03 July 2017

A Pre-Independence Day Thought

Merely some links with brief comments. First, go here to read a nice post by James Bratt (on whom I posted in another context herehere, and here). Bratt discusses three Colonial models of the relationship between adherents of one or another Reformed Christian tradition and the civil government in their particular polity. Bratt does a good job of explaining why, for example, we cannot extrapolate from Puritan New England to the middle colonies to the South. There was no unity of approach among the colonies and their residents on such matters.

On the first hand,
New England Puritans aimed at making the visible and invisible churches as synonymous as possible. At the same time their churches were state-supported to the exclusion of all others with the aim of thoroughly reforming not only church but also state and society. This was to be a "Bible commonwealth" founded on covenants both civil and ecclesiastical, drawn at once with each other and with God.

On the second,
The Middle Atlantic region of New York, New Jersey, and Pennsylvania constituted the most ethnically and religiously pluralistic society in North America, and the five Reformed groups who settled in the area (Dutch, Huguenot, German, Scots, and Ulster Irish) had to make their way in a patchwork society. Here any claim of religious establishment was a pipe-dream while civil politics plumbed the depths of factionalism and self-interest. ... Conflict of all sorts was endemic in these circumstances, and a tenacious defense of rights well indicated. Order and harmony had to be achieved by measures that rose above the designs of any particular group. The Calvinist solution lay in its old strain of constitutionalism and due process ...

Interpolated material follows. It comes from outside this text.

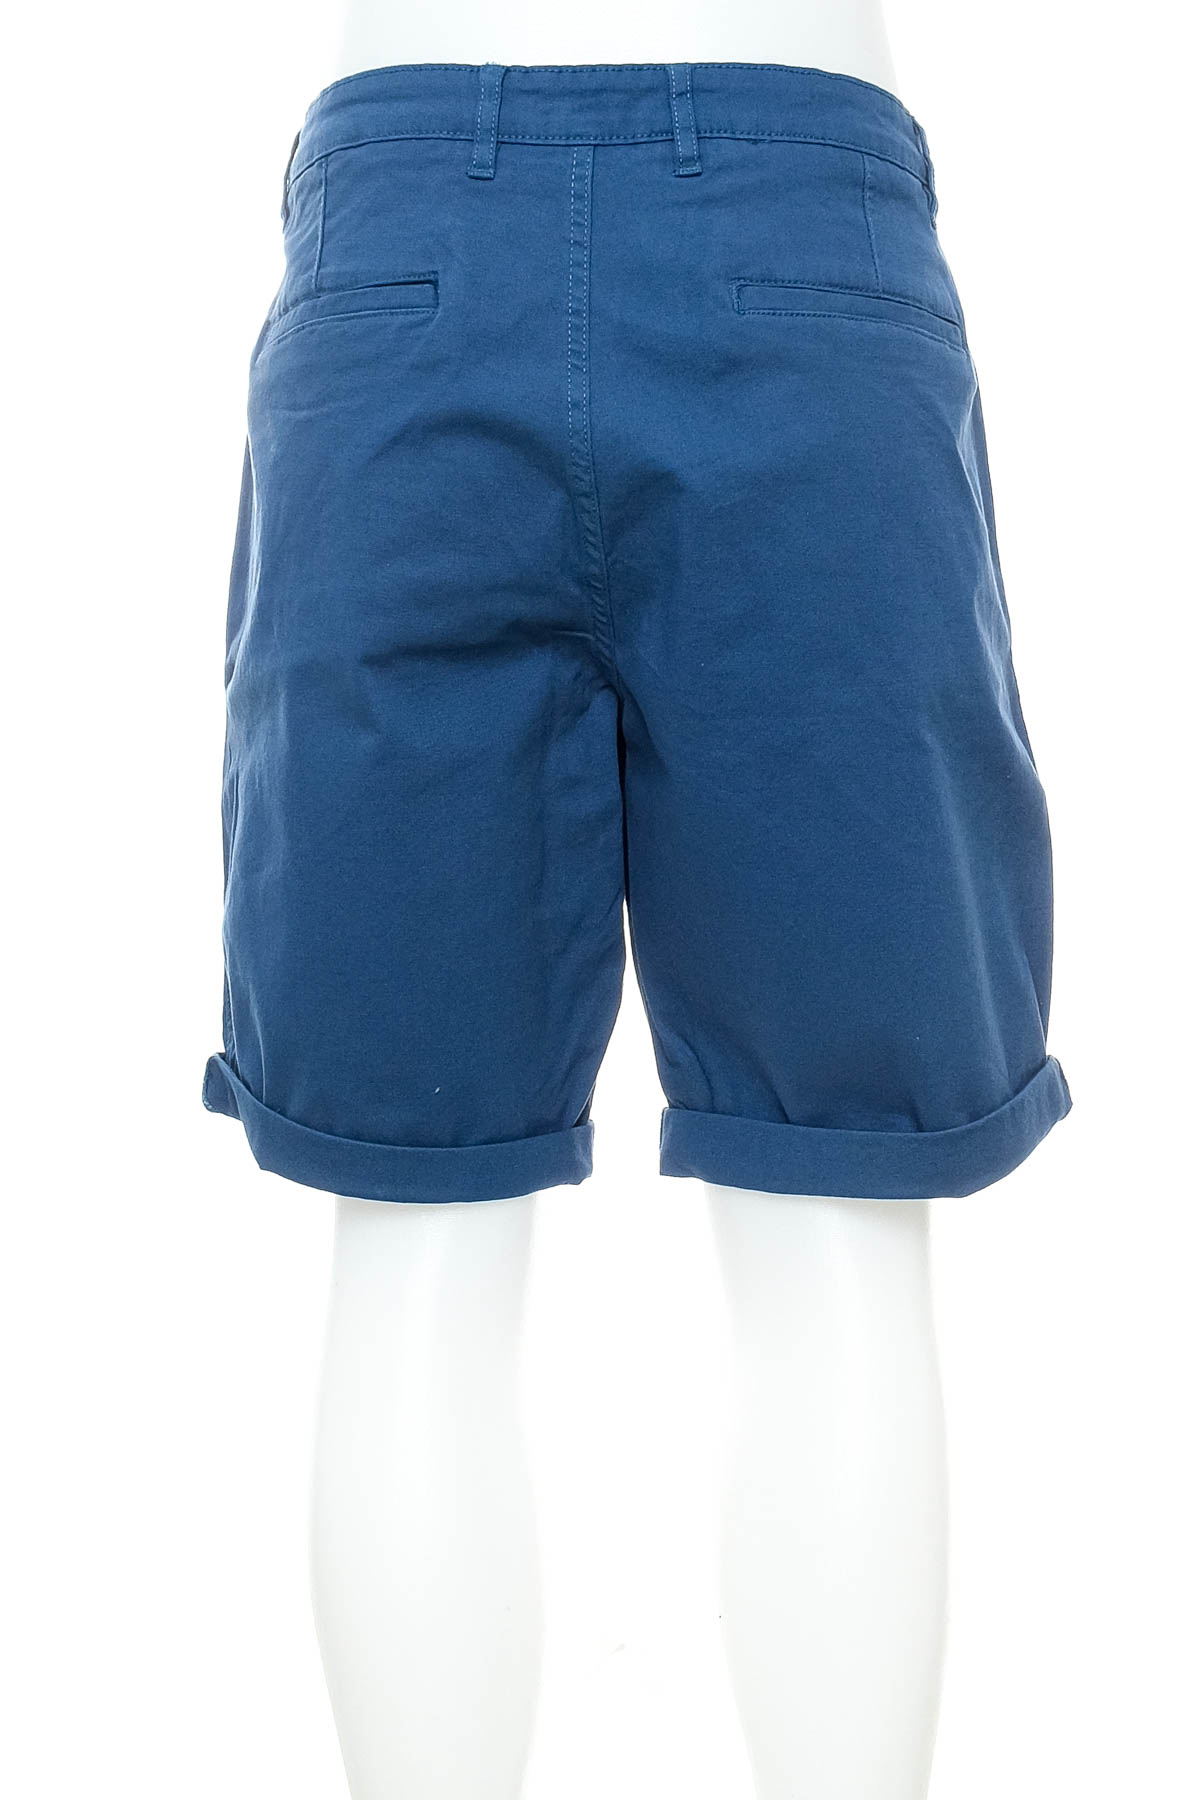 Men's shorts - Celio* - 1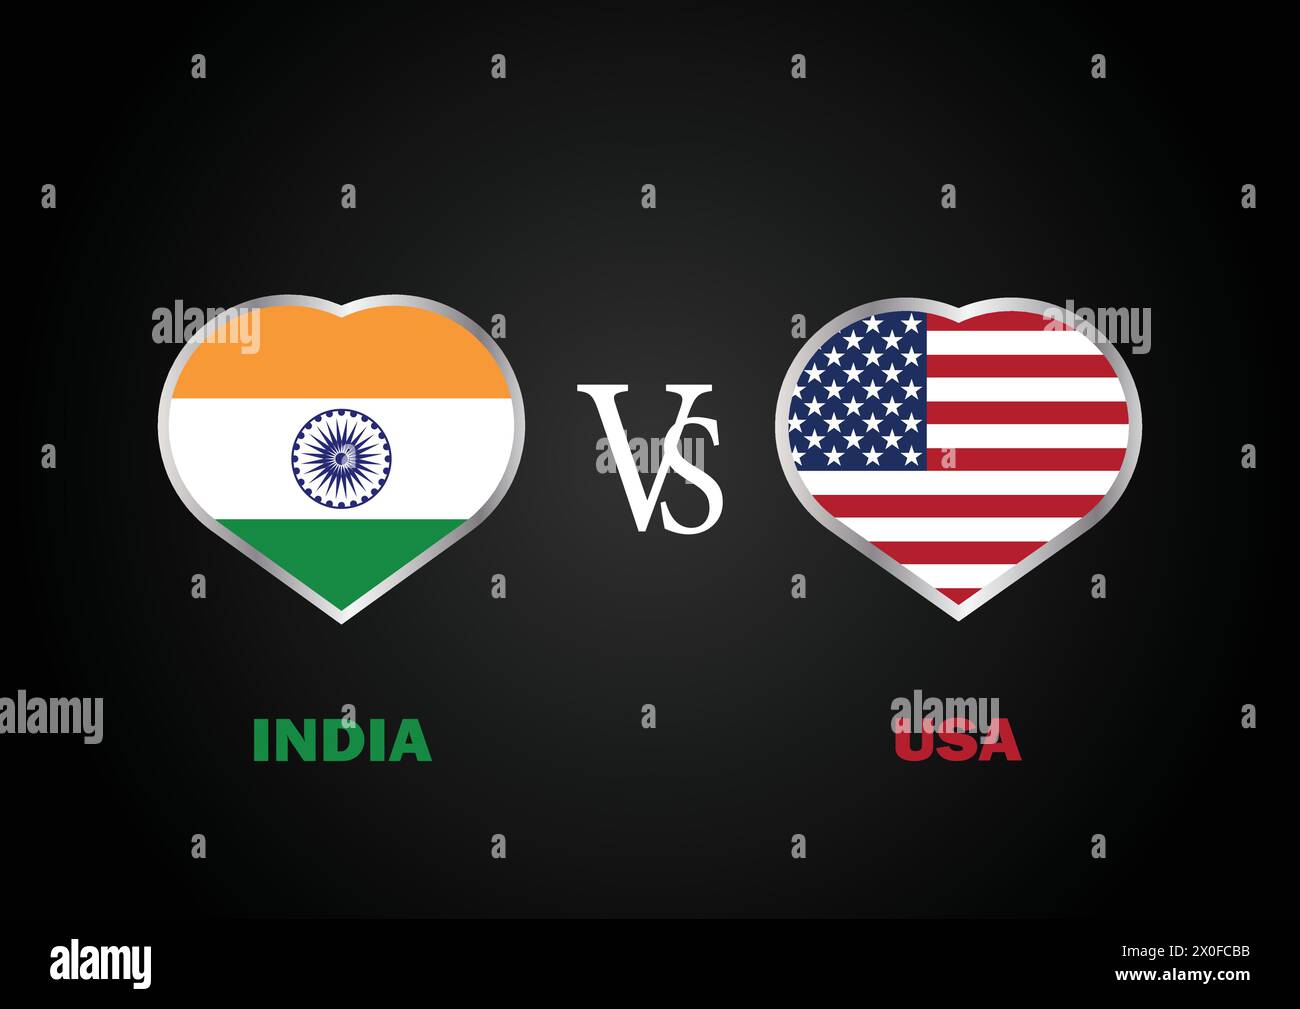 Inde vs USA, concept de match de cricket avec illustration créative du drapeau des pays participants Batsman et Hearts isolés sur fond noir Illustration de Vecteur

In the Deep South Presbyterian and Reformed settlers dwelled in a different environment still, one predicated on slavery from the very beginning. ... South Carolina quickly became the only mainland colony with an enslaved majority... Evangelizing efforts in the slave quarters were only accepted once it had become clear that conversion did not entail manumission. Evangelical religion made its advances in this region by accepting a twofold contract: that the most slavery-dependent region of colonial America would be run in the name of the purest libertarian ideology, and that civil government would be free of any carping from the church

Bratt goes on to provide his take on some present-day applications of a blend of these three models. My point here, however, is only to make us aware that there were three models and that none encompassed the whole of Colonial America and that it’s a fool’s errand for Christians of any stripe to take any one as the model for what should be the relationship among the Christian faith, civil government, and society in the twenty-first century.